Of course, this is merely an interpretation of the films, as objective, creative products. This is a hypothesis about Zialcita’s intentions formed by letting his films speak on his behalf. (Or, put in another perspective, letting the films speak for themselves.) It can easily be a misguided projection. A little research on the filmmaker’s life, reading biographies or listening to any interviews that may exist of him, will more readily answer the question of his personal stances.

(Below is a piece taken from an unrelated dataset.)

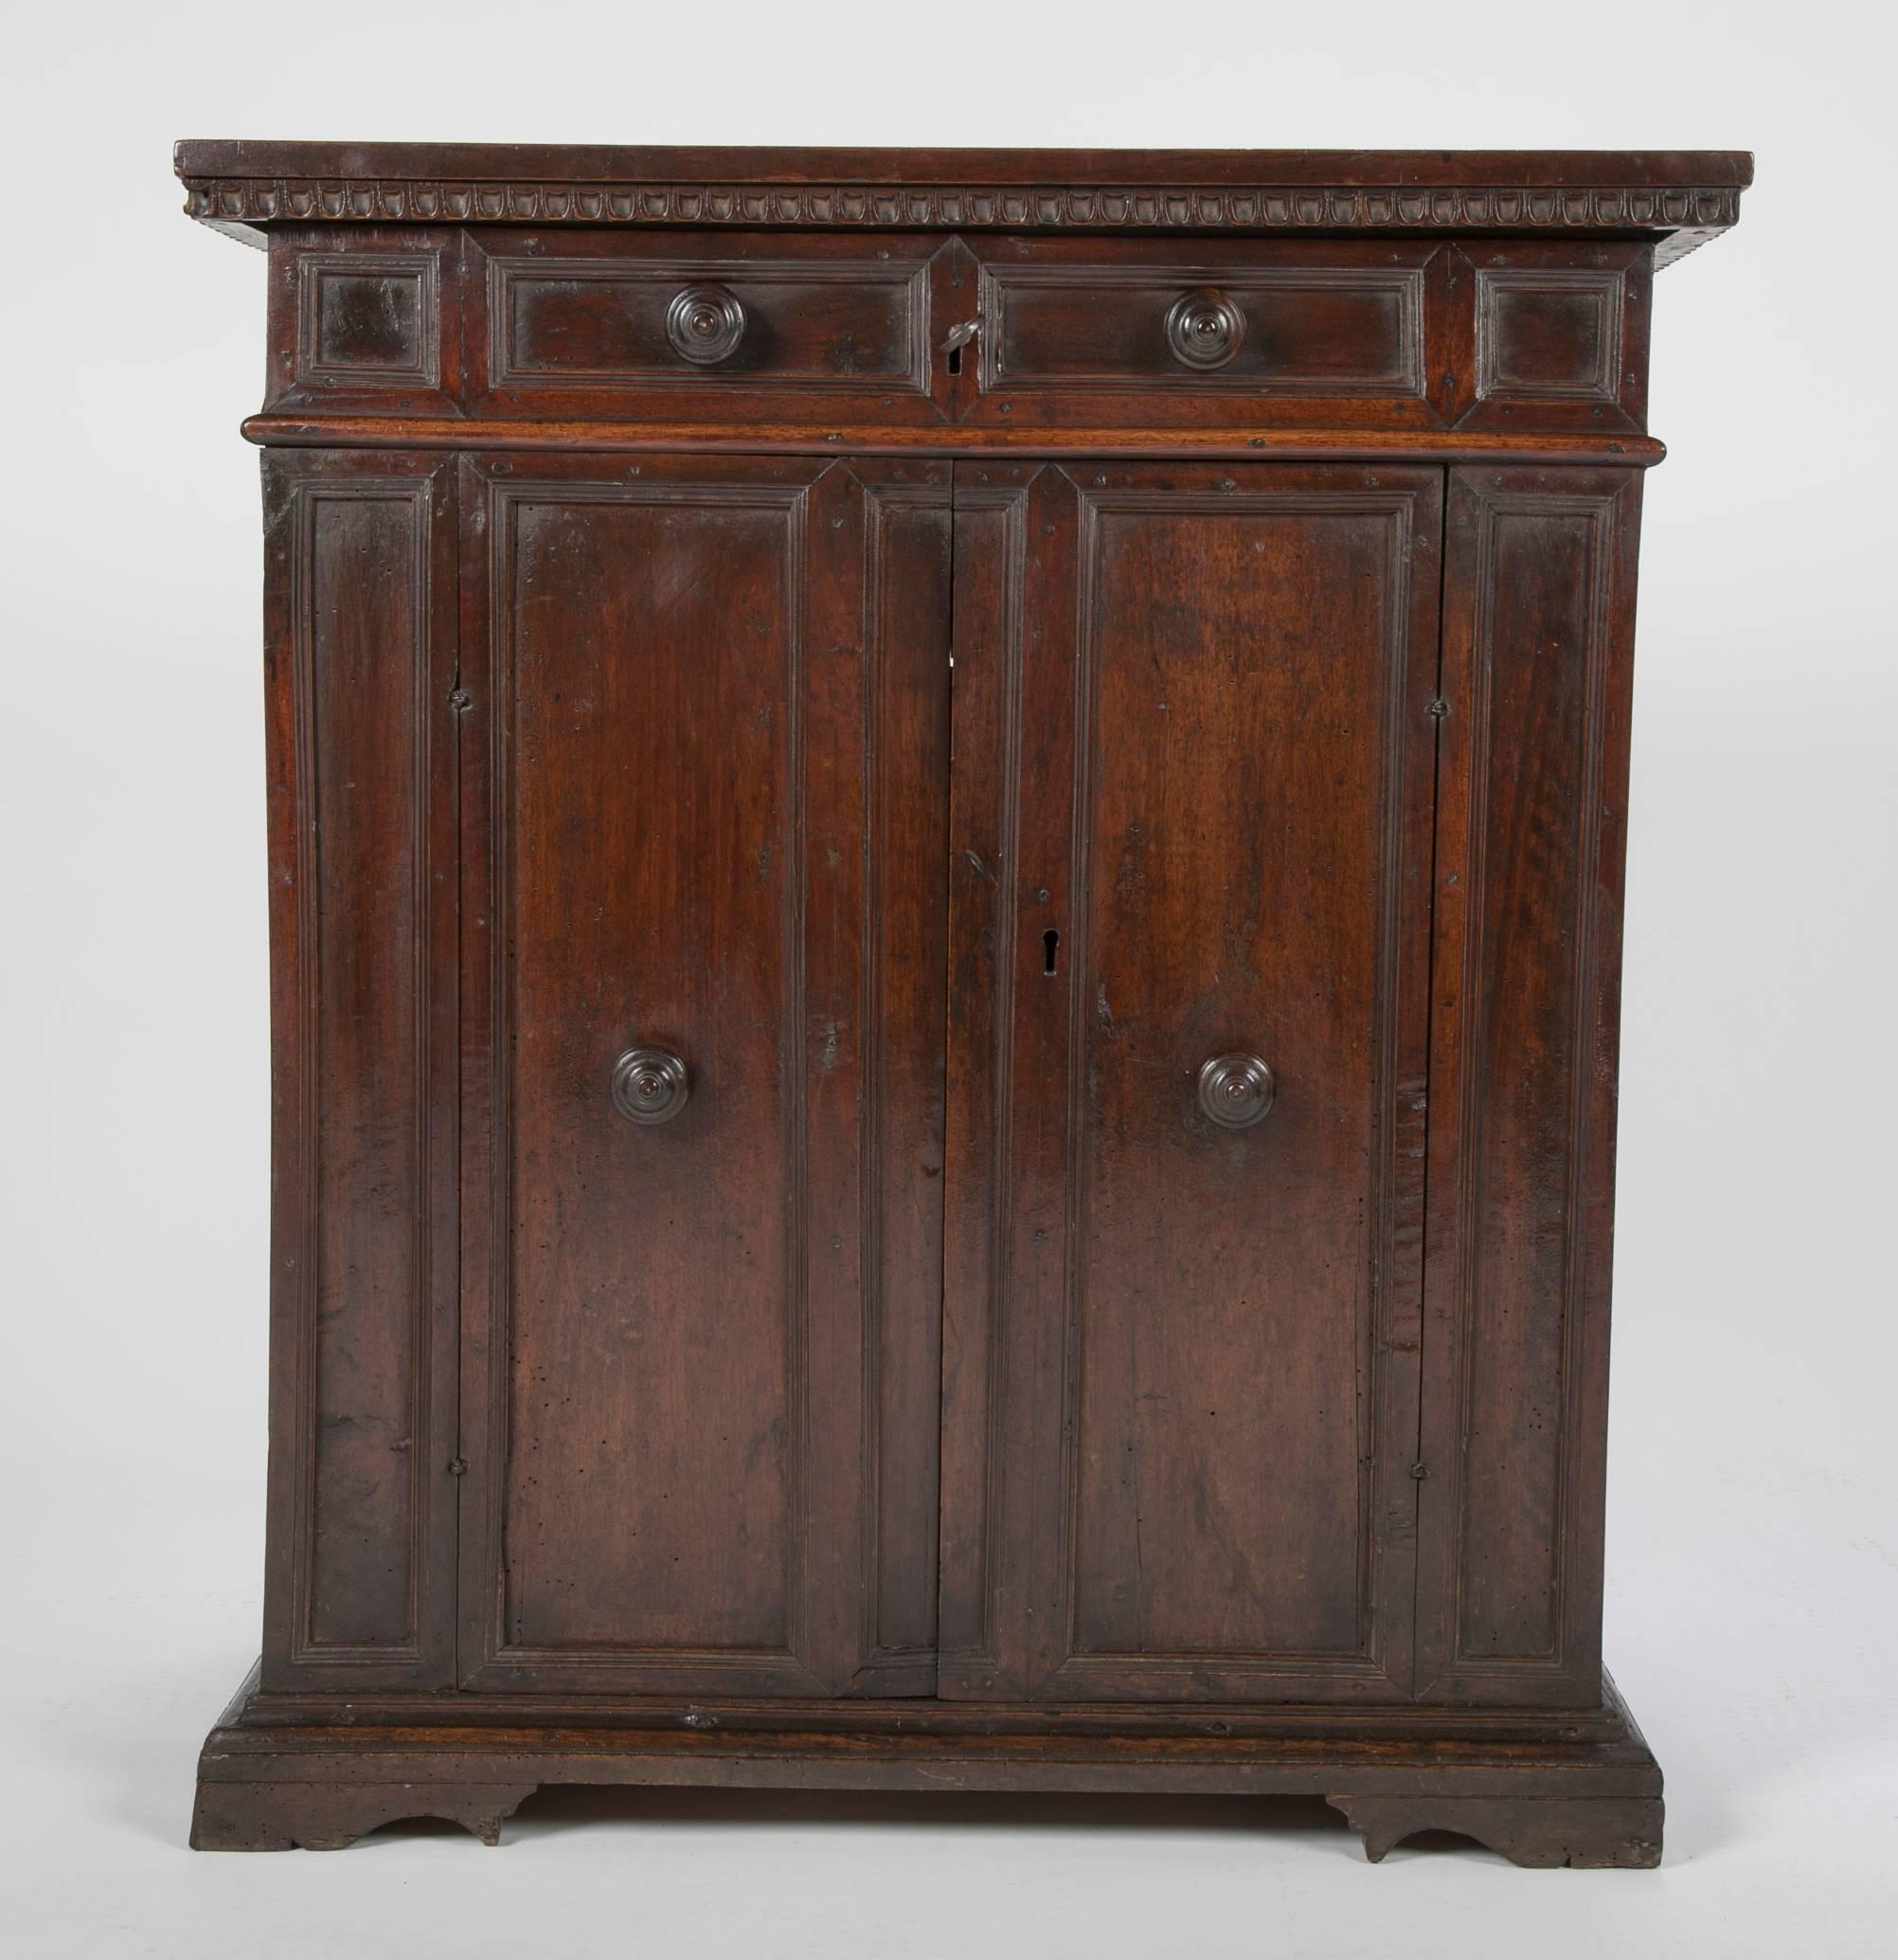 Italian 16th-17th century walnut credenza with unusual lift top with false drawer front. Retaining the original key that works both locks, and the original cotter-pin hinges. Classical form, warm and rich patina. A purists dream.

But modern audiences who stumble upon Zialcita’s films may very well be uninterested about authorial intents. (An author or filmmaker’s moral character is a more contentious concern.) And this may actually be the compassionate attitude we should take: it is not necessary to ask whether he was ahead of his time or not. We do not have to judge a filmmaker’s convictions to be able to take his films as creative documents of their times, as stories to be discussed so as to illuminate our own present experience.
The poster for the digitally restored movie is by Justin Besana for ABS-CBN Film Restoration.
Danny Zialcita…isn’t he the same guy who directed the movie Lalakwe? From what I’ve read, his films usually tackle sex and sexuality – with his signature cast (e.g. Eric Quizon, Tommy Abuel, Ronaldo Valdez, etc.)
Yes, according to IMDb. I haven’t seen that; I’ve only watched four of the prolific director’s films from earlier in that decade (1980s), three of them with Vilma Santos, and mostly dealing with the scandal of (extra-)marital affairs more than sexuality. But, yes, I also saw ‘T-Bird at Ako’, the one with both Vilma and Nora Aunor, and that is said to be one of the earliest Filipino movies directly dealing with LGBT concerns.